Les conflits de droits successoraux survenus entre le petit-fils de l’artiste, Pierre Vasarely, et Michèle Taburno-Vasarely ont pris la suite de ces démêlés judiciaires. En 2008, Michèle Taburno-Vasarely est arrêtée pour vol dans un entrepôt de Chicago alors qu’elle tentait de déplacer des tableaux de Victor Vasarely. Les tableaux avaient été déclarés volés par le galeriste Thomas Monahan qui avait eu des doutes sur leur provenance. Conformément aux nombreux jugements rendus à la suite du procès Debbasch, les œuvres appartenaient à la fondation aixoise.

En 2009, Xavier Huertas, administrateur provisoire de la Fondation Vasarely, introduit un recours en annulation contre une sentence arbitrale de 1995 qui avait privé la Fondation Vasarely de quelque 400 œuvres au bénéfice des deux fils de l’artiste, André et Jean-Pierre Vasarely.

En 2012, Pierre Vasarely affirme que Michèle Taburno-Vasarely a illégalement transféré 600 œuvres d’art aux Etats-Unis, puis à Porto Rico. L’année suivante, le tribunal de première instance de Paris ordonne la restitution de 200 œuvres à la France et la répartition entre les héritiers du produit des ventes passées. Cependant, Michèle Taburno-Vasarely n’a pas obtempéré. 

En 2013, dans le cadre de l’information judiciaire ouverte en 2009, le Tribunal de grande instance de Paris fait retirer 21 tableaux d’une vente aux enchères. Les tableaux provenaient d’un lot de 87 œuvres reçues par l’avocat Yann Streiff en paiement d’honoraires pour la procédure d’arbitrage qui avait opposé Michèle Taburno-Vasarely et les deux fils de Victor Vasarely.
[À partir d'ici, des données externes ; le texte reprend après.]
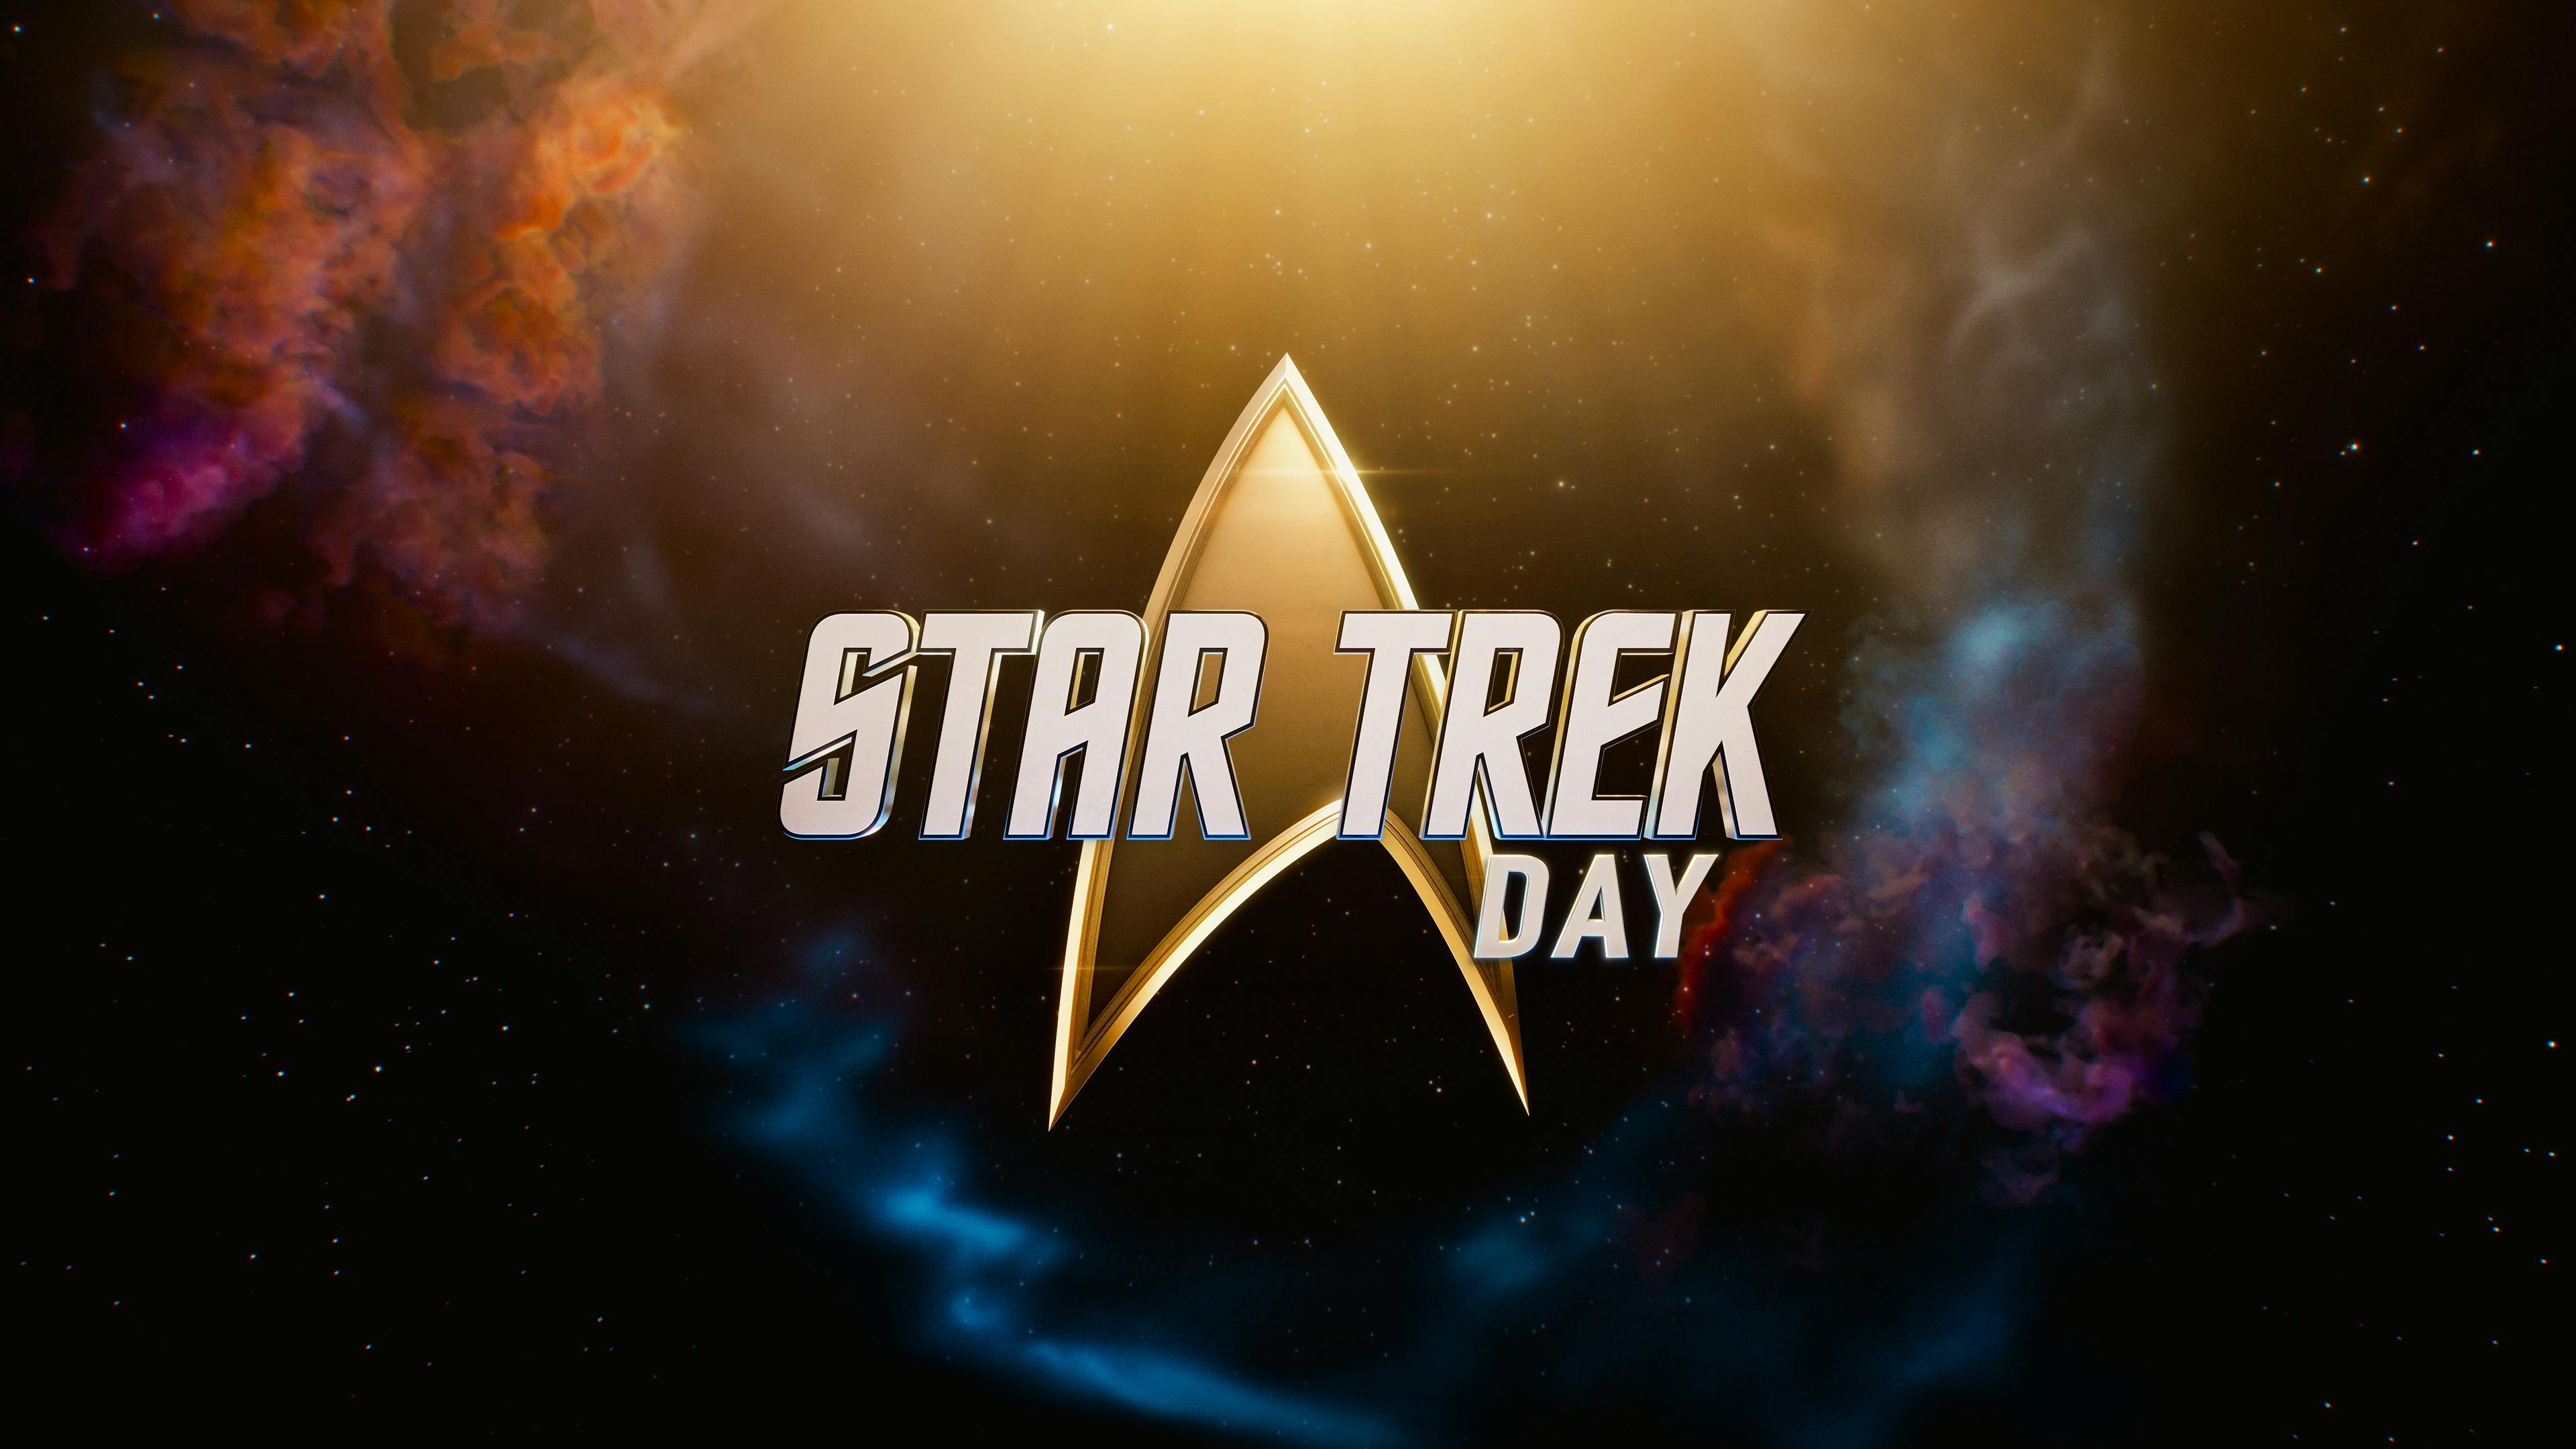 Star Trek Day logo against a nebula background

Cette procédure autorisait la Fondation - dont Michèle Taburno-Vasarely était à l’époque présidente - à s’acquitter de ses dettes par la donation d’œuvres. 

En 2014, la cour d’appel de Paris ordonne le retour en France de 200 œuvres emportées aux États-Unis par Michèle Taburno-Vasarely, à la suite du décès de Jean-Pierre Vasarely en 2002. La cour d’appel retient un « conflit d’intérêts » entre les deux fils Vasarely et Michèle Taburno-Vasarely ainsi qu’un « processus frauduleux » mis en place, conduisant à un « simulacre » d’arbitrage. 

Contestant la décision de la cour et arguant qu’une juridiction de l’Illinois (États-Unis) avait « acté définitivement ses droits et sa propriété sur plus de deux cents œuvres » en 2012, Michèle Taburno-Vasarely forme un pourvoi en cassation. En 2015, dans un arrêt confirmatif, la Cour de cassation valide le testament de Victor Vasarely, rédigé en 1993, instituant Pierre Vasarely légataire universel et titulaire du droit moral de l’œuvre de son grand-père. La Cour de cassation ordonne par ailleurs que les œuvres dispersées reviennent à la fondation. 

En février 2022, la cour d’appel de Paris condamne Yann Streiff à restituer les 87 œuvres qu’il avait reçues. Il avait quatre mois pour rendre la totalité des œuvres à la fondation. Cependant, si 21 ont été récupérées en 2013, 46 n’ont toujours pas été localisées.

En décembre 2022, l’affaire Vasarely connaissait une nouvelle péripétie lorsque Pierre Vasarely accuse la galerie Mazzoleni Art d’avoir vendu deux œuvres d’art appartenant à la Fondation Vasarely d’Aix-en-Provence, ce que conteste Michèle Taburno-Vasarely.